■ Exercise inputs
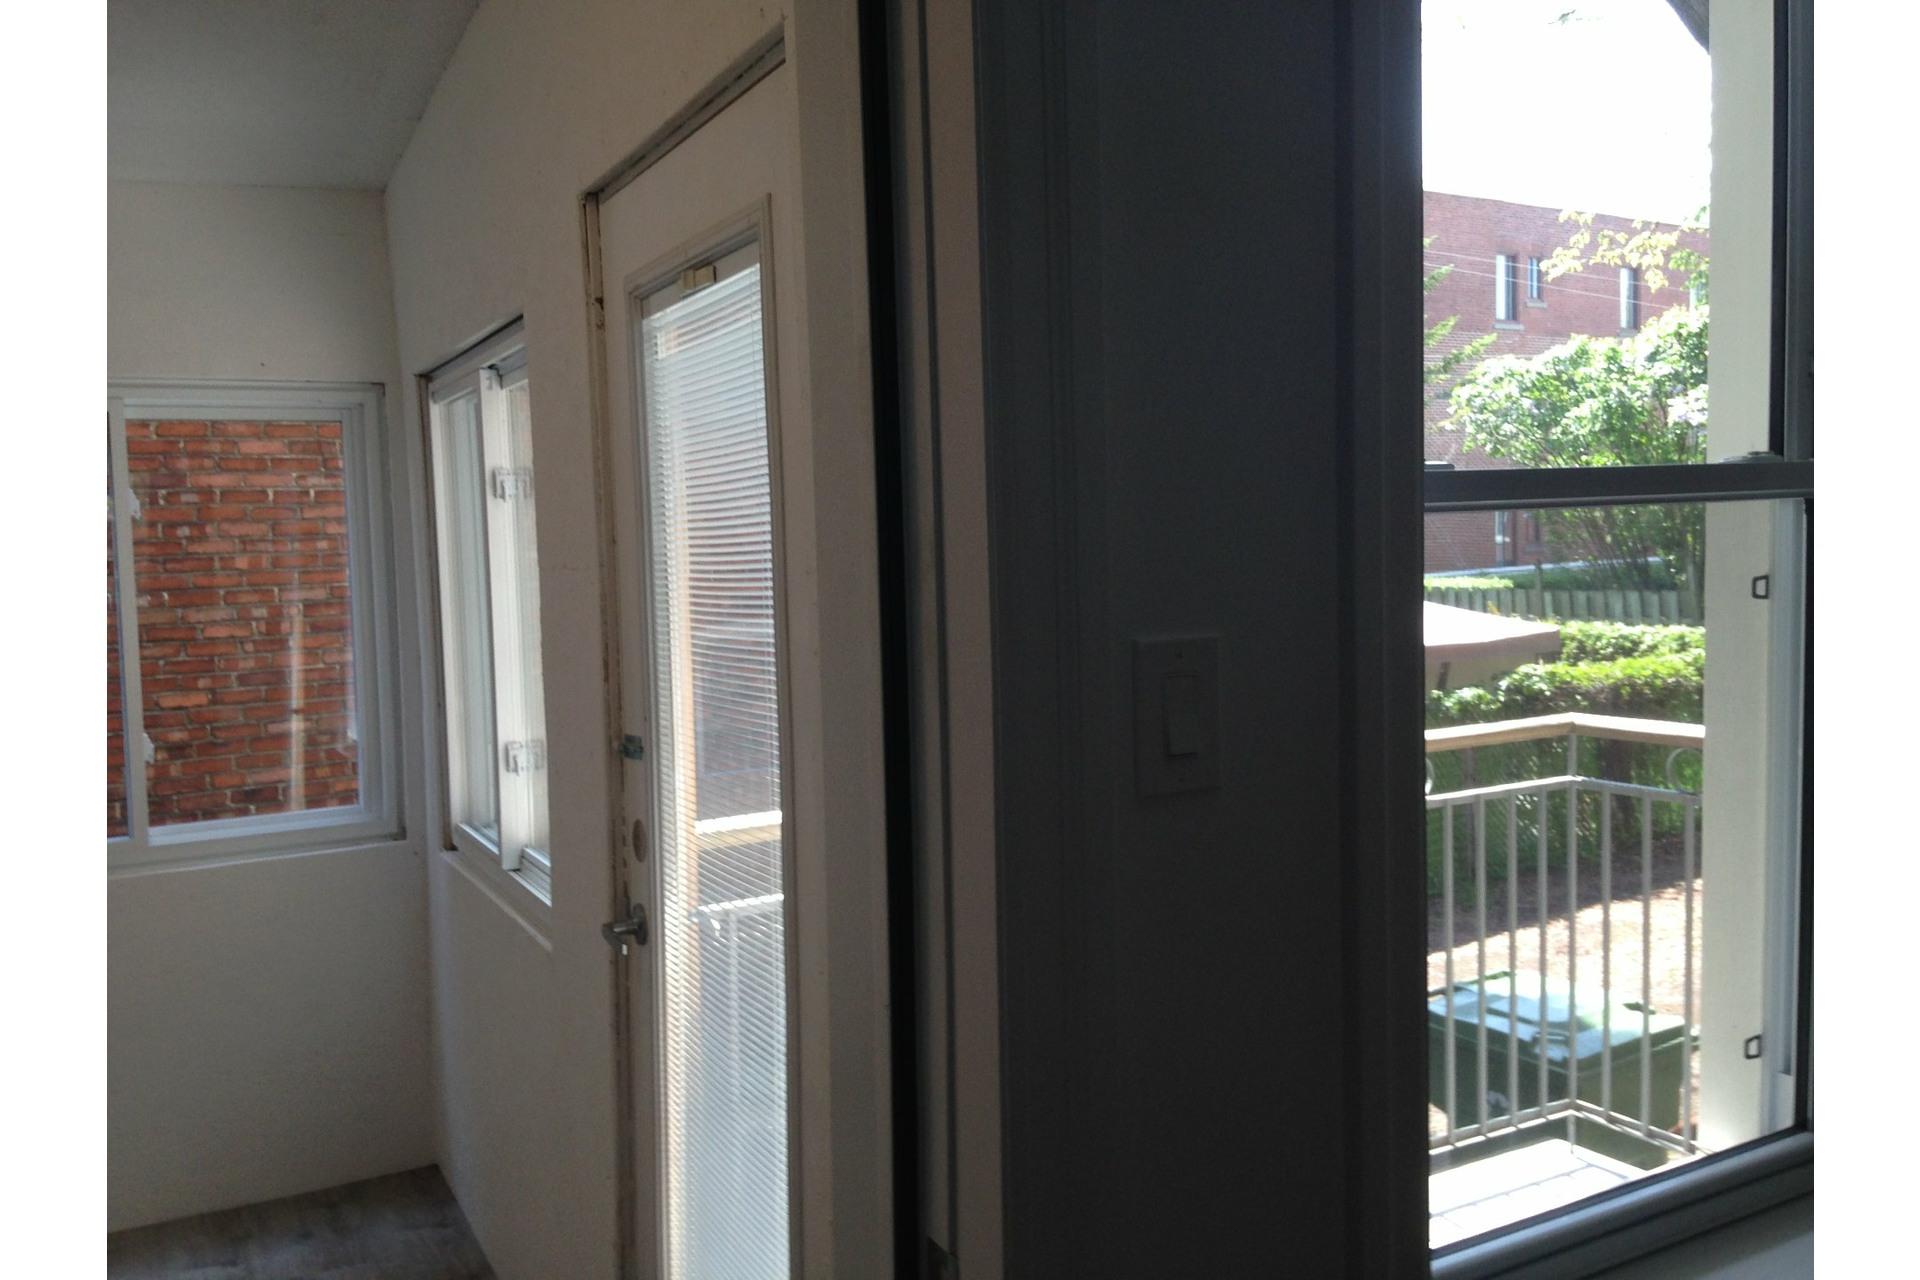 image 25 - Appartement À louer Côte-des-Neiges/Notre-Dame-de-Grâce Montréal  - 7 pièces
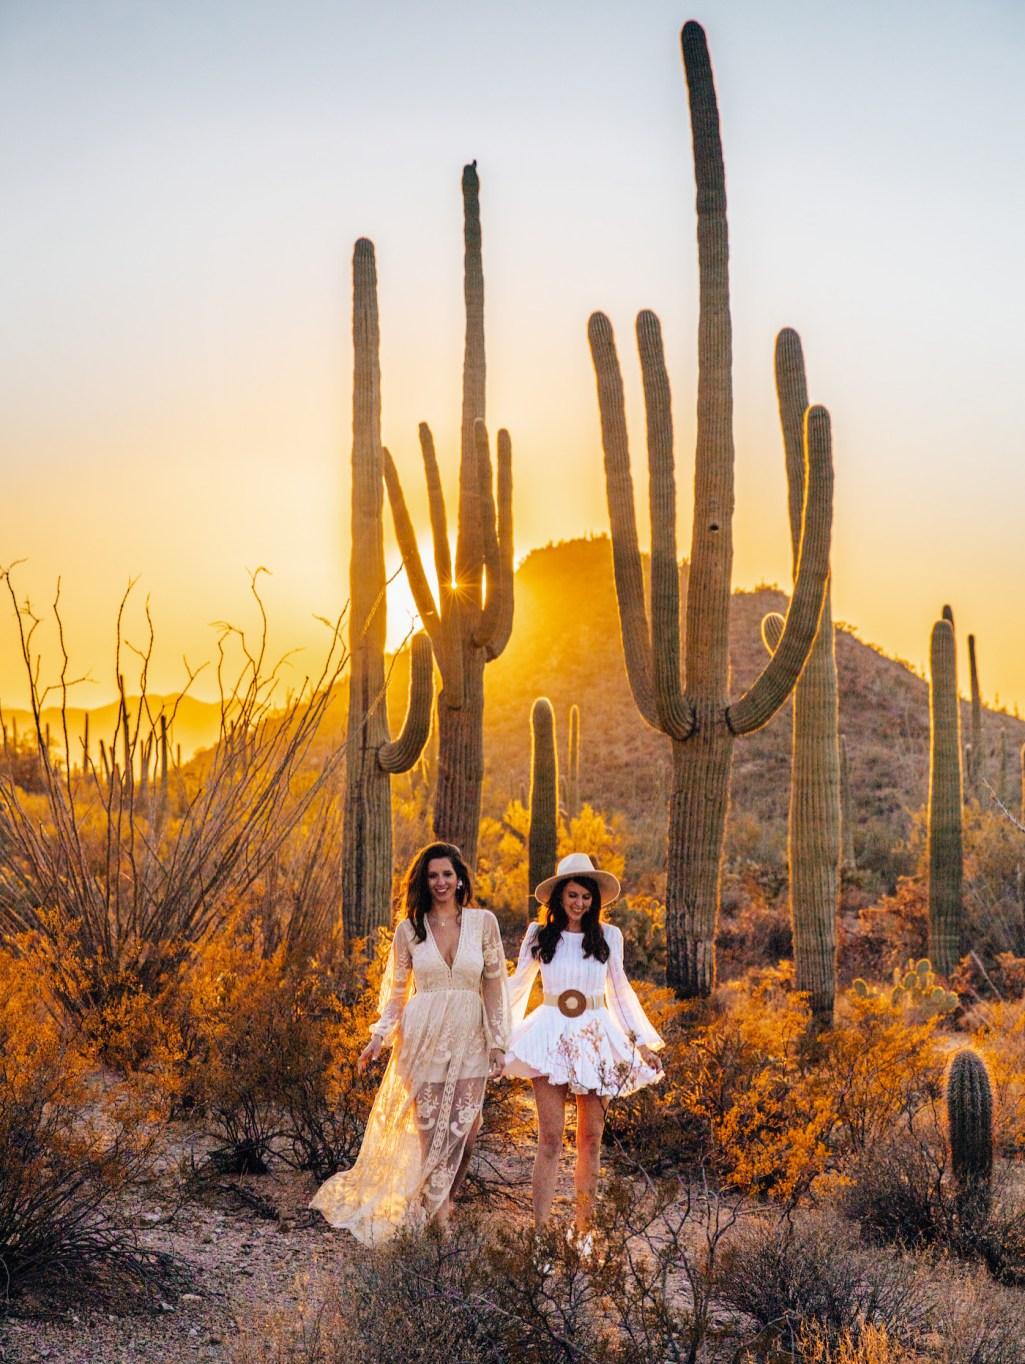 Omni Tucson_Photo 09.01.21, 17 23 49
...
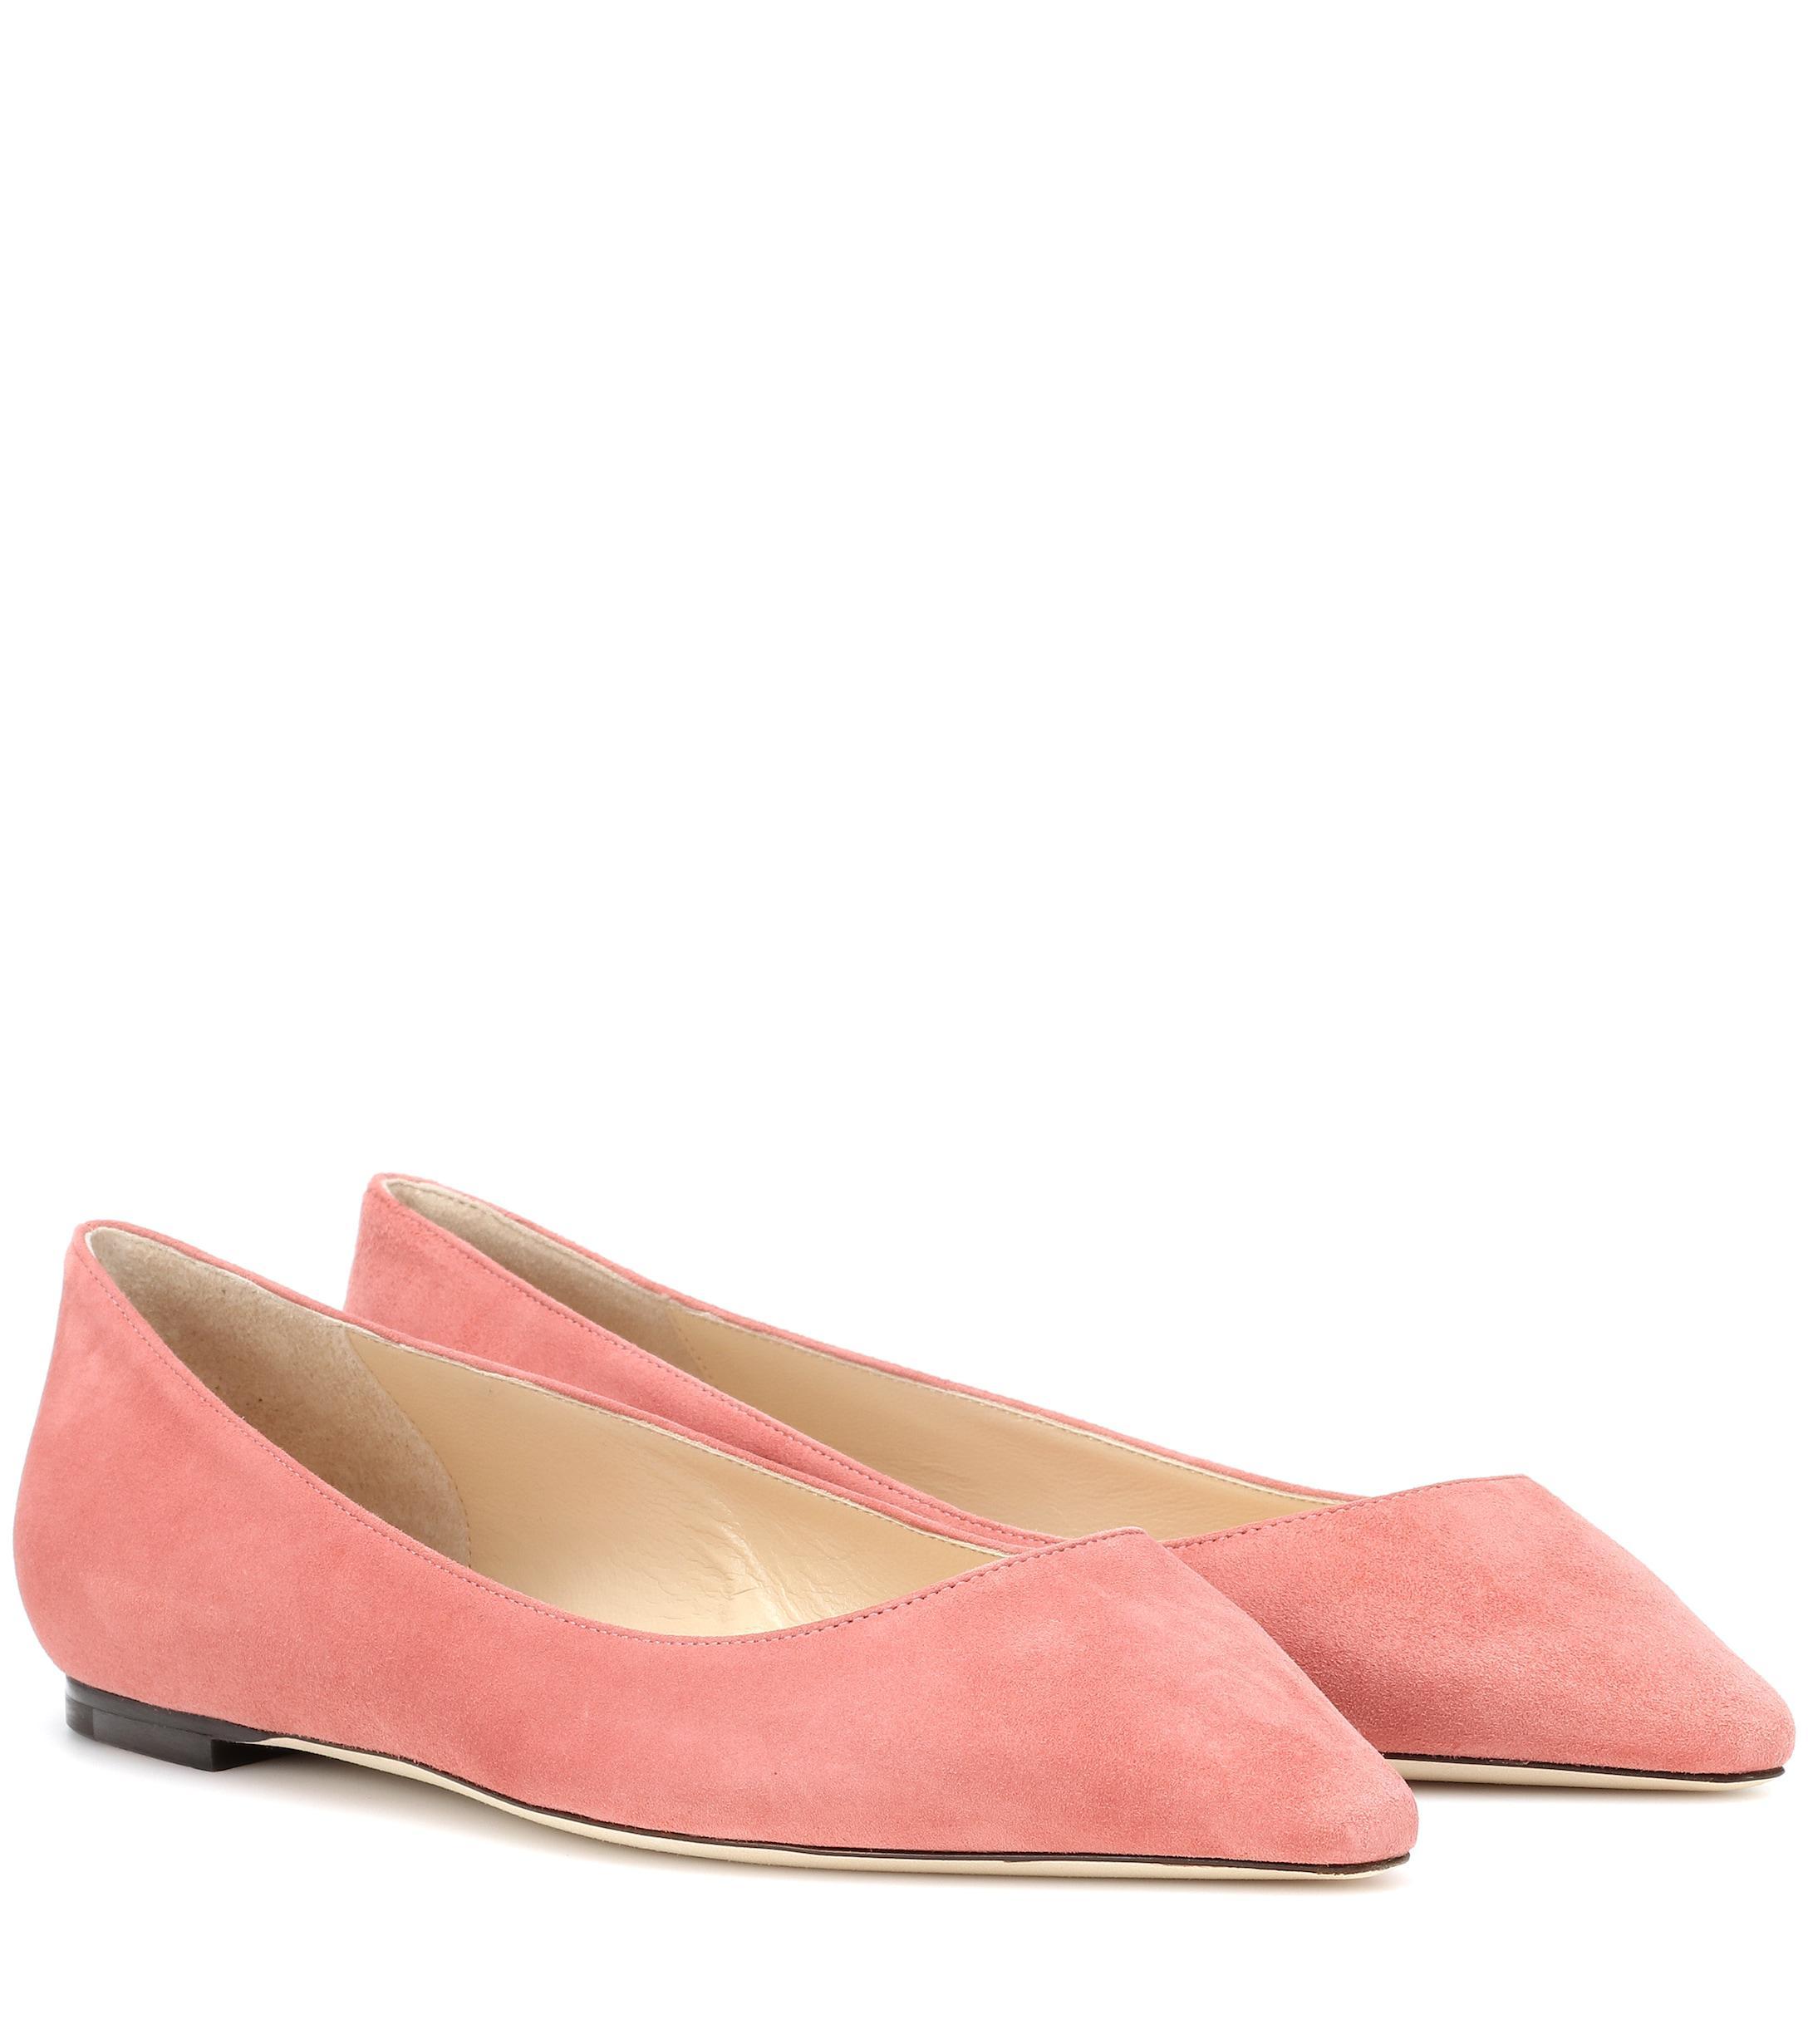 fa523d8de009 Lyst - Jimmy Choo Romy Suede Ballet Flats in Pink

■ Exercise description
Restate word for word every line from the one with "image 25 - Appartement" up to and including the one with "Omni Tucson_Photo 09.01.21, 17 23 49" in the records above, minus the pictures.

■ Answer box
 image 25 - Appartement À louer Côte-des-Neiges/Notre-Dame-de-Grâce Montréal  - 7 pièces
 Omni Tucson_Photo 09.01.21, 17 23 49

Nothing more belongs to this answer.